# Update on Finley



## jennifernikki (Jul 8, 2010)

I took Finley to Top in Grayslake yesterday for an evaluation. The trainer was very knowledgeable. He seems to think that w/ the correct training on my part & Finleys part, he has the potential to be a great dog. He said a some of his aggression issues might be from the way I handle him. I hold his leash tight & close to me. He said this puts him in protective mode. When I should be holding it loose, with a quick pop to correct. Of course, thats not 100% of the reason he acts this way, but it made complete sense when he pointed it out. 
He gave a few options, one on one training or boot camp to mention a few.

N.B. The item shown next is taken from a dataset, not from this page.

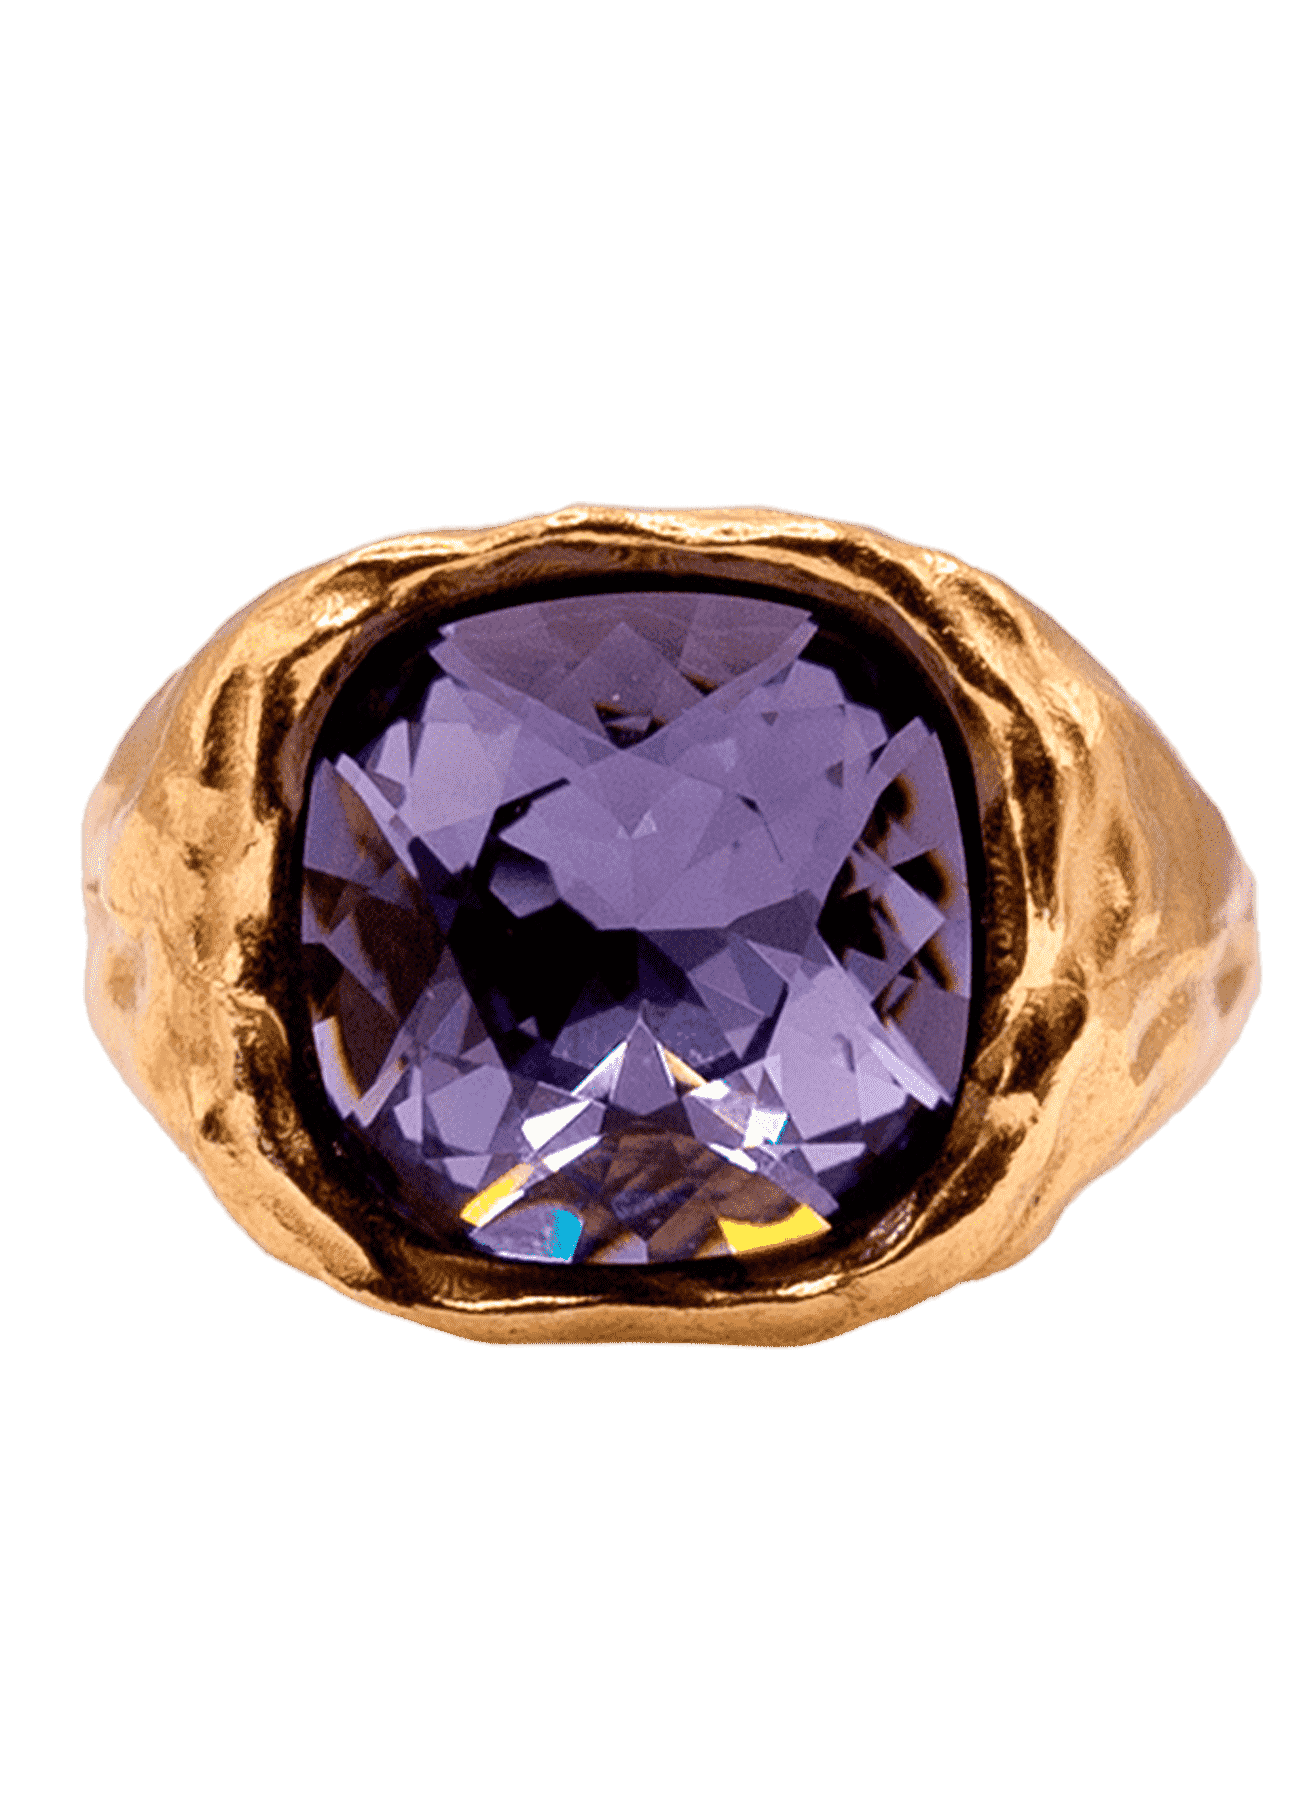 Amalfi Lilac Solid Gold Ring

I also took him for xrays today. I am completely shocked by the results. He has absolutely no signs of hip dysplasia. She said his hips actually look really healthy, The only thing going on is he has a small piece of bone floating around near his left hock. Which might be causing some discomfort. But she believes his aggression issues are strictly behavioral. 
So now, this just makes things harder. So, back to the drawing board on our options. i will keep you posted on our decision.


----------



## PatchonGSD (Jun 27, 2012)

Glad to know that you wont be shelling out big bucks for the hips....


----------



## Mr & Mrs Kirkley (Mar 9, 2012)

Can they remove the small piece of bone that's floating around?


----------



## Lauri & The Gang (Jun 28, 2001)

jennifernikki said:


> I took Finley to Top in Grayslake yesterday for an evaluation. The trainer was very knowledgeable.


Can you send me a PM with the name of the trainer? I used to take my dogs there and know several of them. Some are good and some are bad.


----------



## jennifernikki (Jul 8, 2010)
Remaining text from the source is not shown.